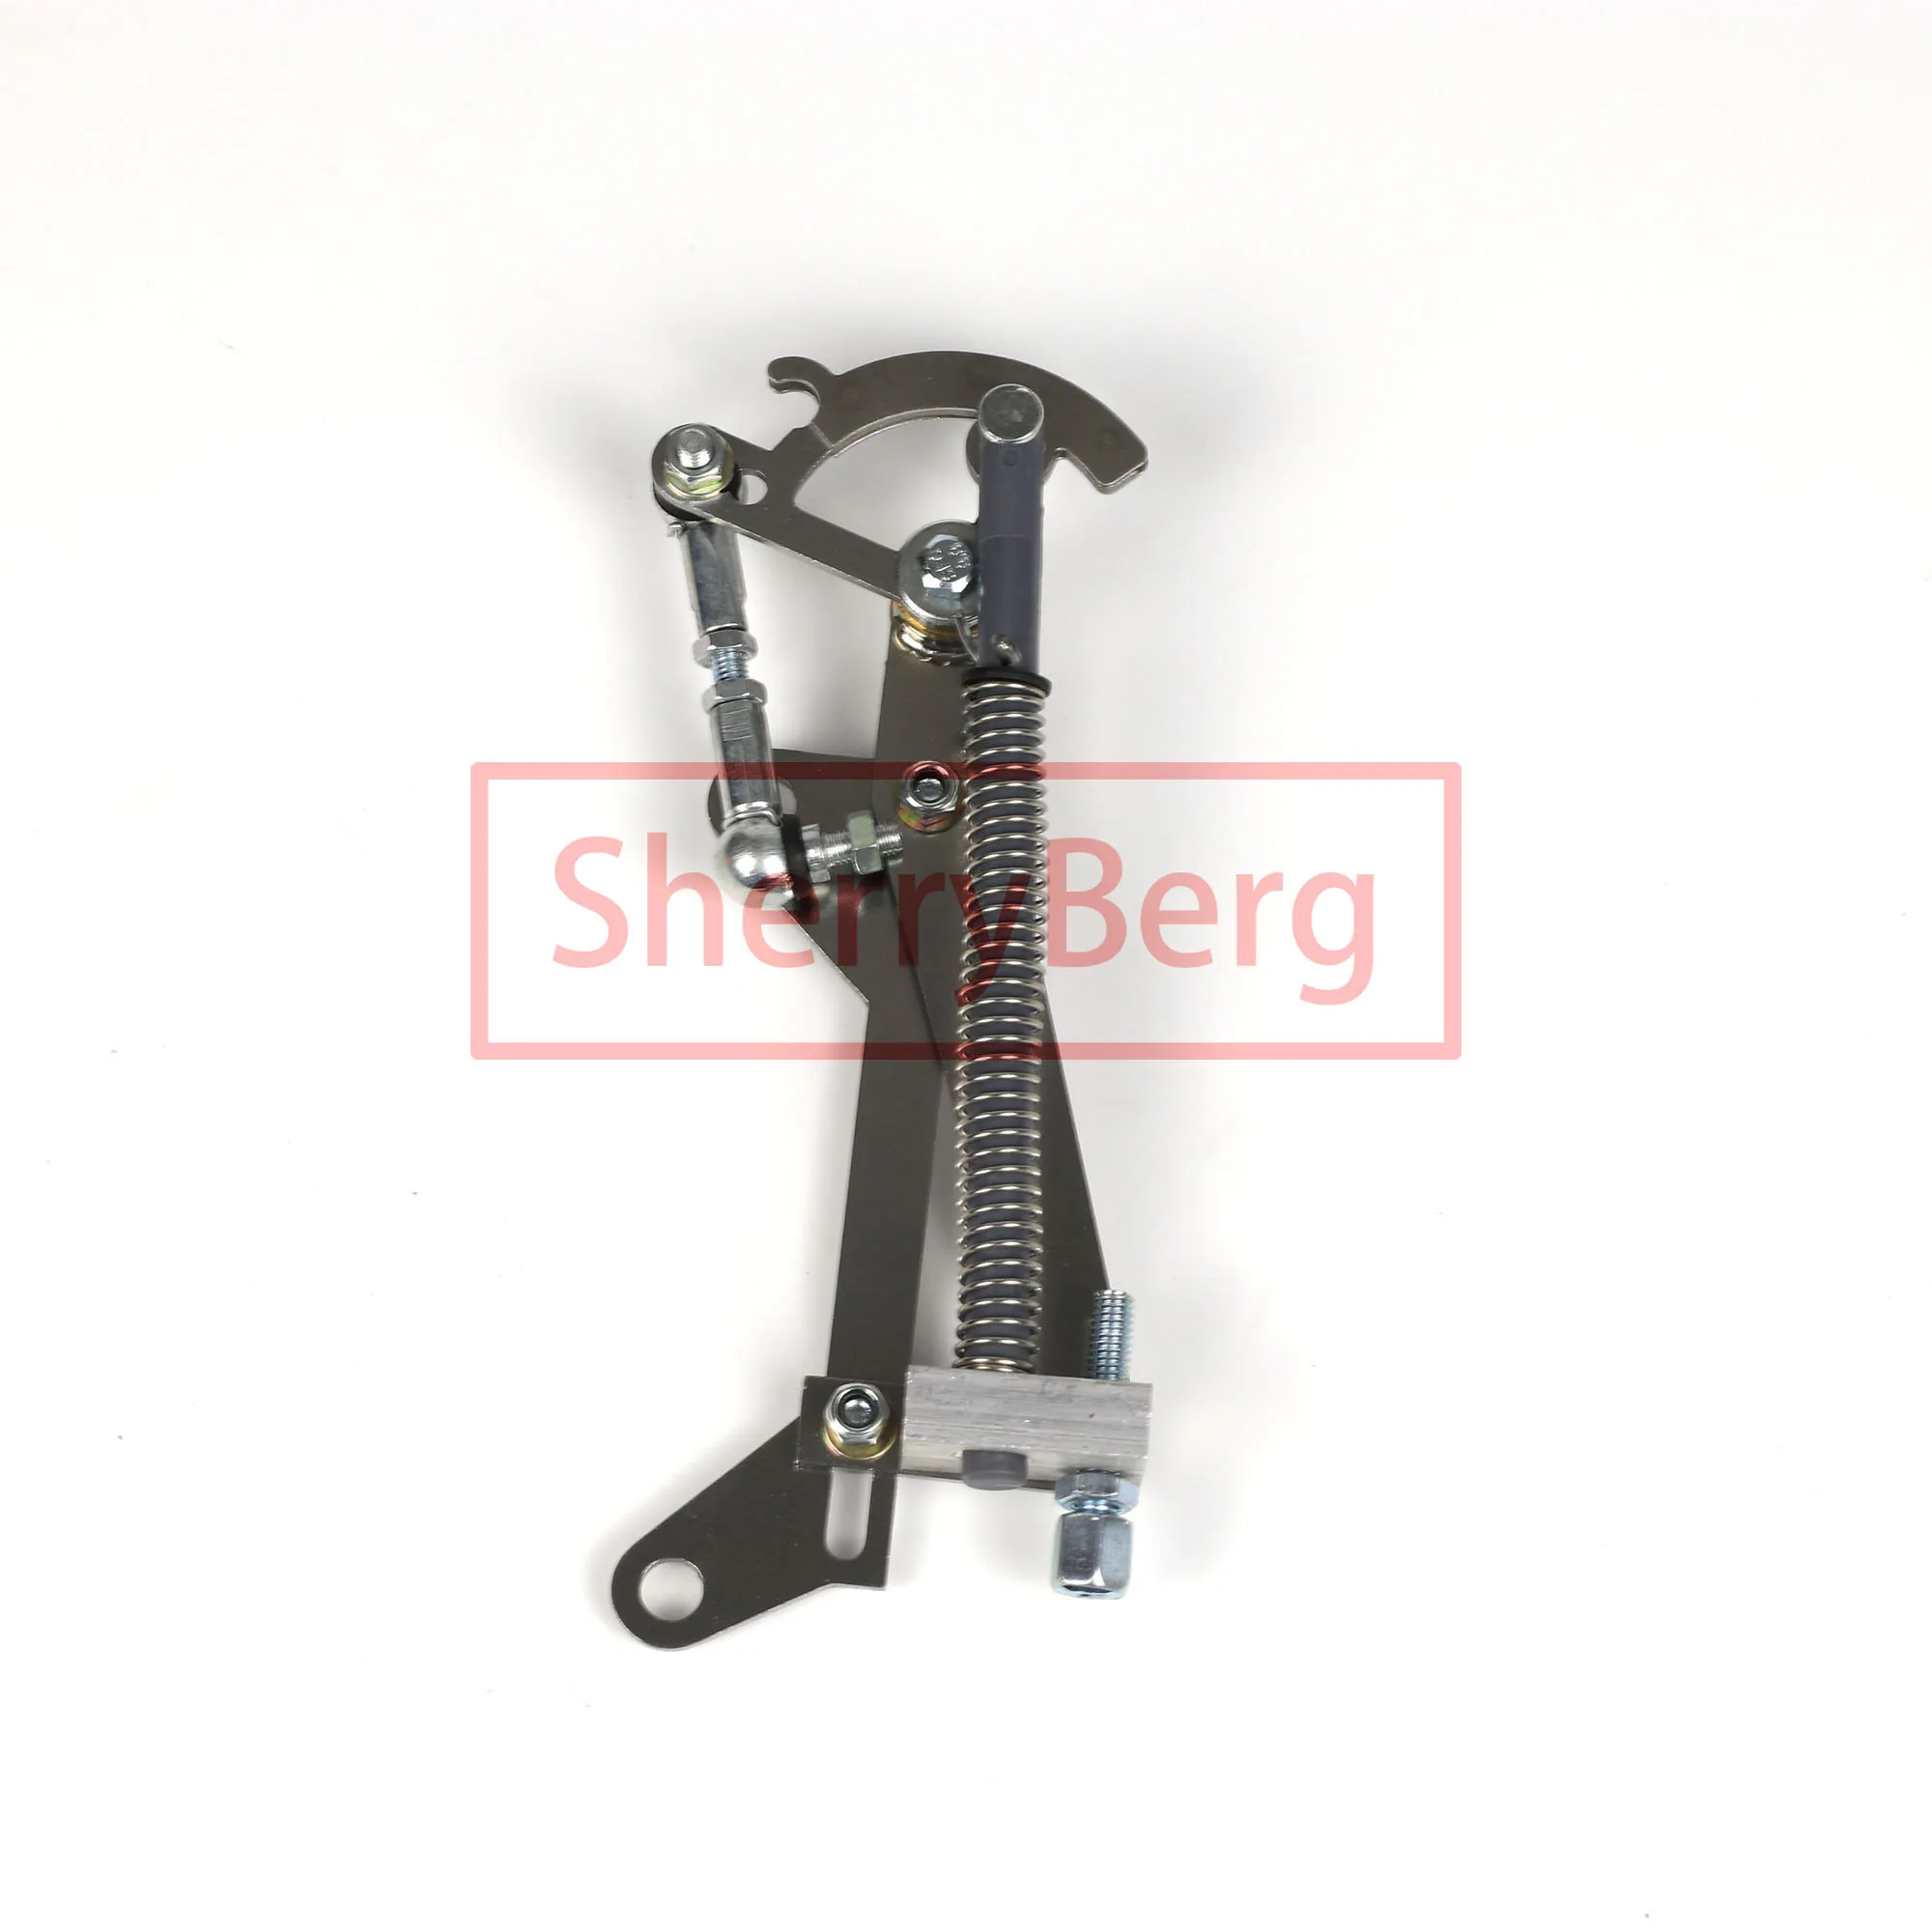 

SherryBerg FAJS Throttle Linkage Kit thorttle body Throttle Linkage Kit Injection Body for Weber 40/45/48 DCOE /Dellorto/ Jenvey
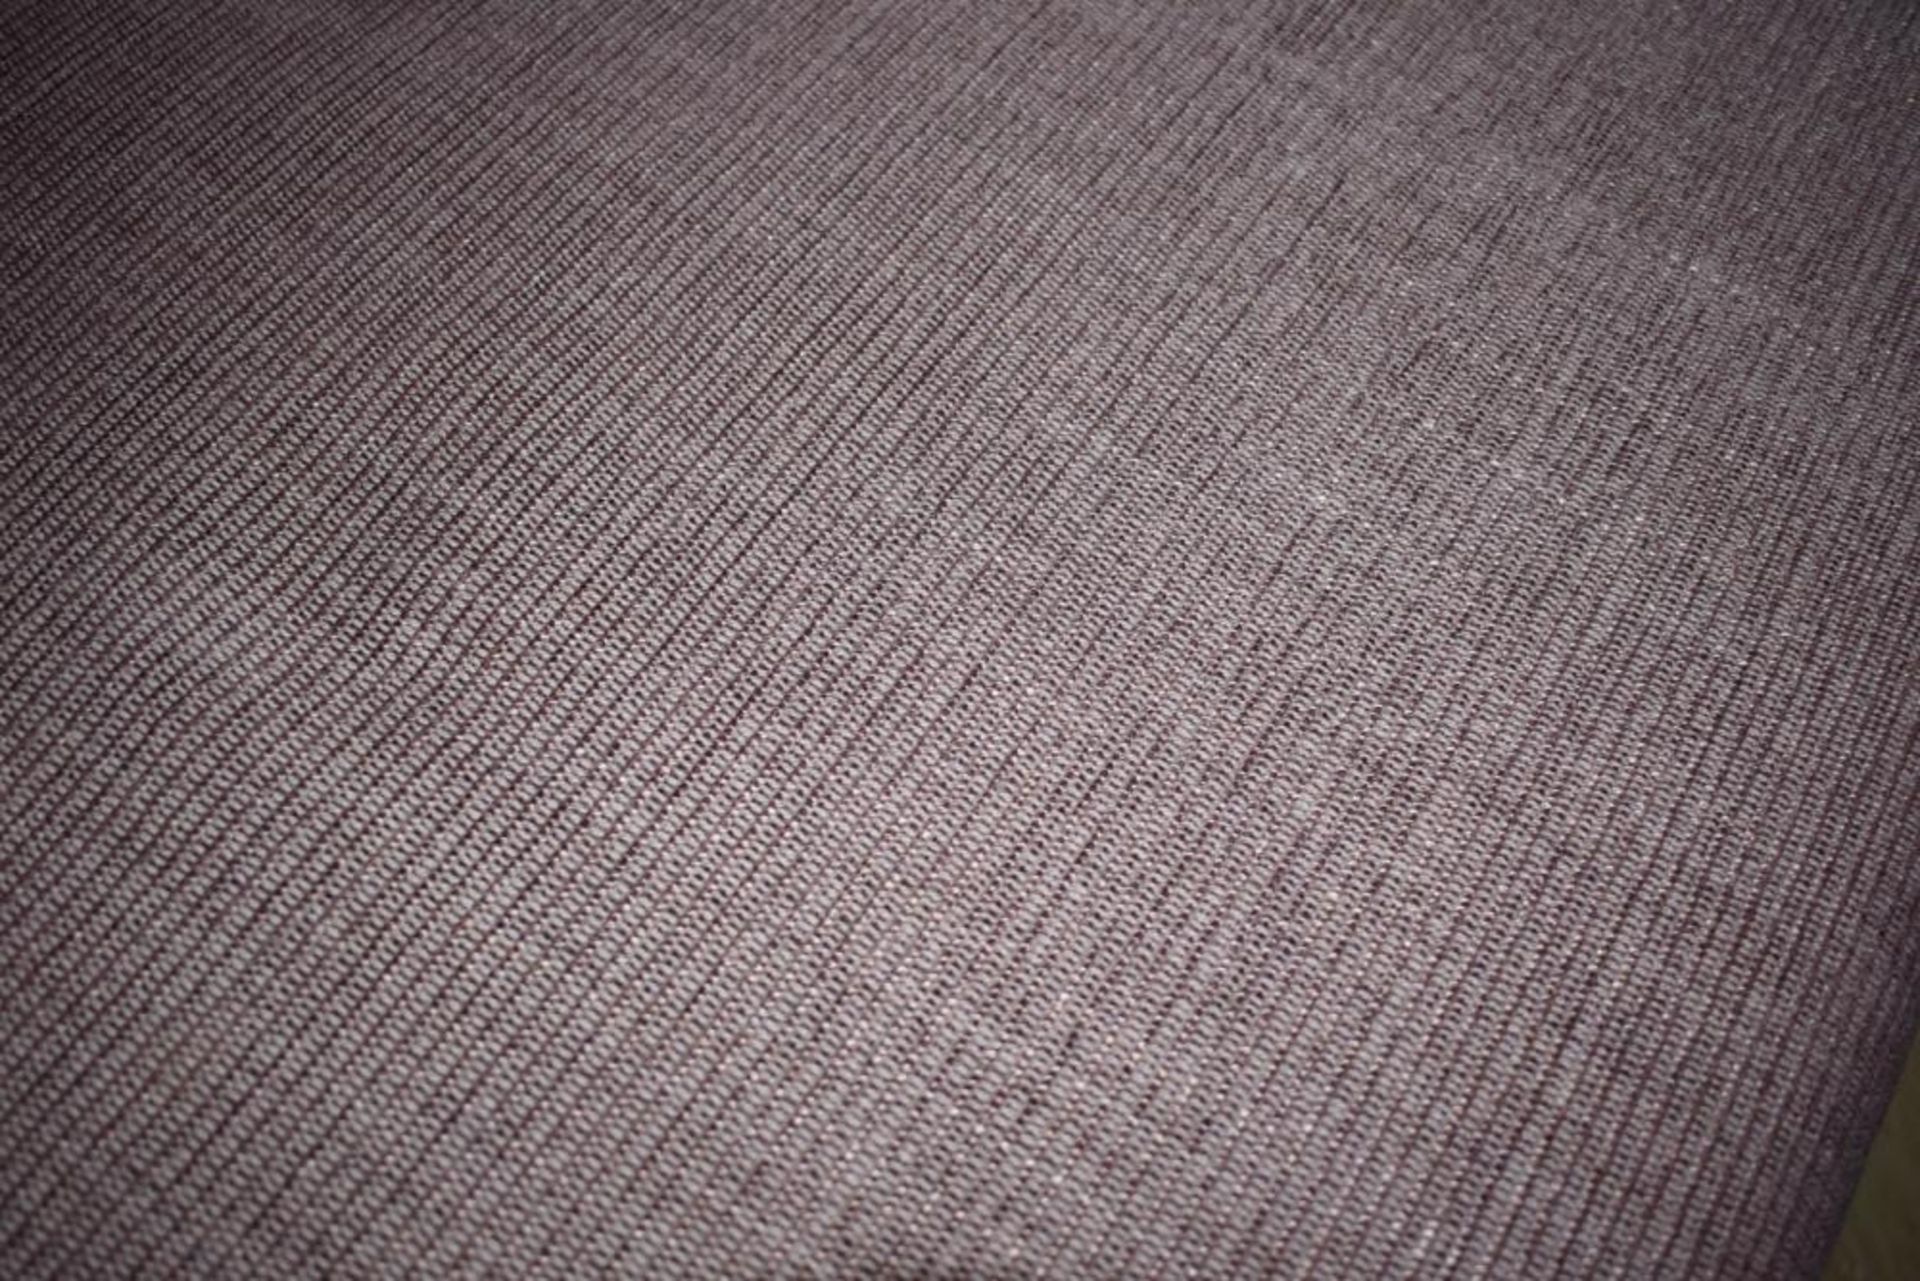 1 x SWAN Italia Corner Sofa and Ottoman finished in Light Purple - CL469 - Location: Prestwich M25 - - Image 8 of 14
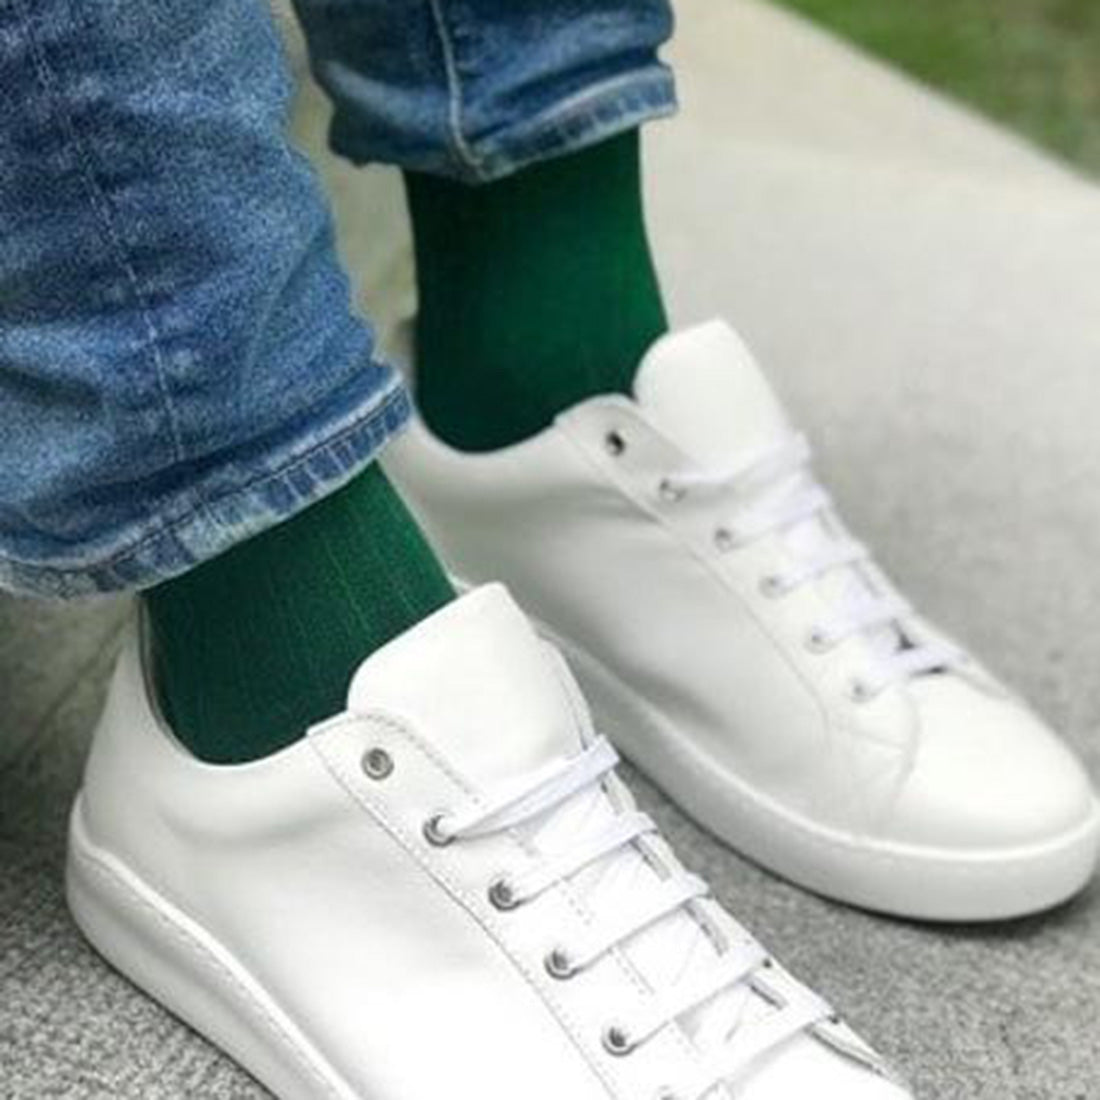 socks-racing-green-bamboo-socks-comfort-cuff-2.jpg
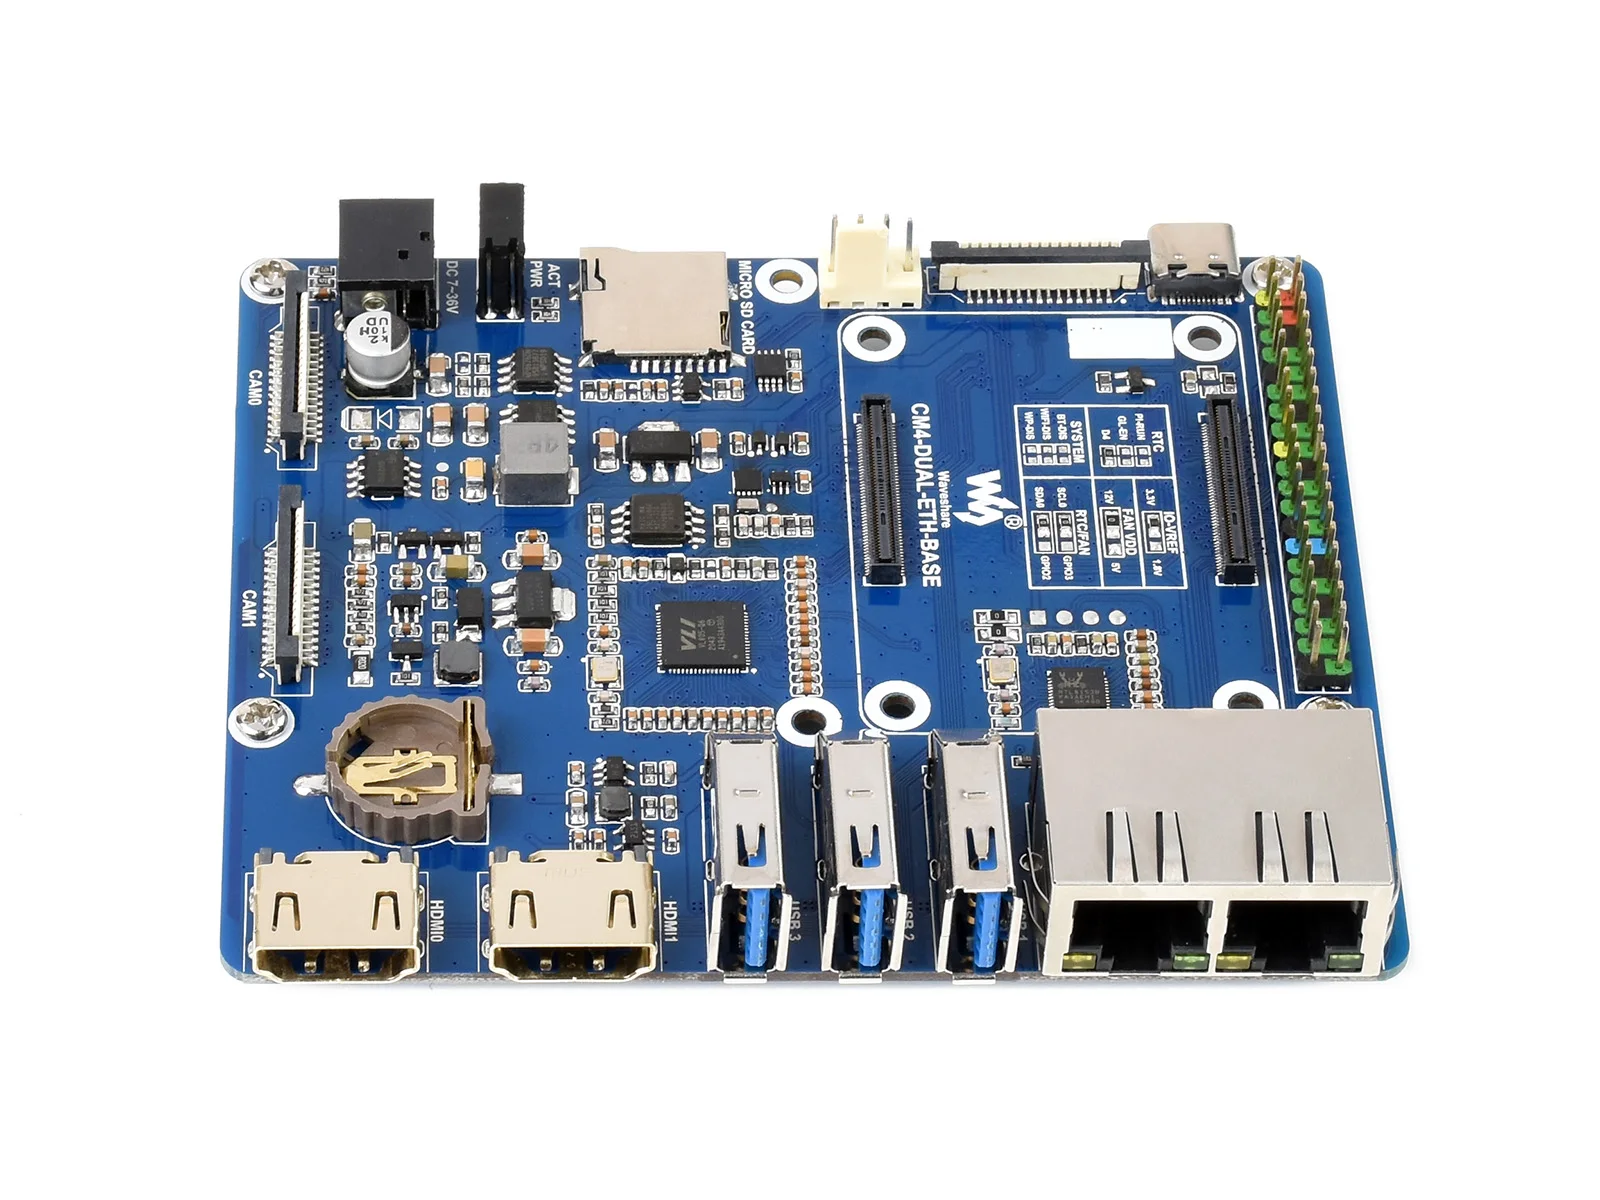 

Waveshare Dual Gigabit Ethernet Base Board Designed for Raspberry Pi Compute Module 4, Powerful Ethernet Capability

================================

→ Description of the task:
Pictures are not part of the copy. Reproduce the lines from the one with "socks-racing-green-bamboo-socks-comfort-cuff-2.jpg" through the end of the listing above.

→ Solved problem:
 socks-racing-green-bamboo-socks-comfort-cuff-2.jpg

Waveshare Dual Gigabit Ethernet Base Board Designed for Raspberry Pi Compute Module 4, Powerful Ethernet Capability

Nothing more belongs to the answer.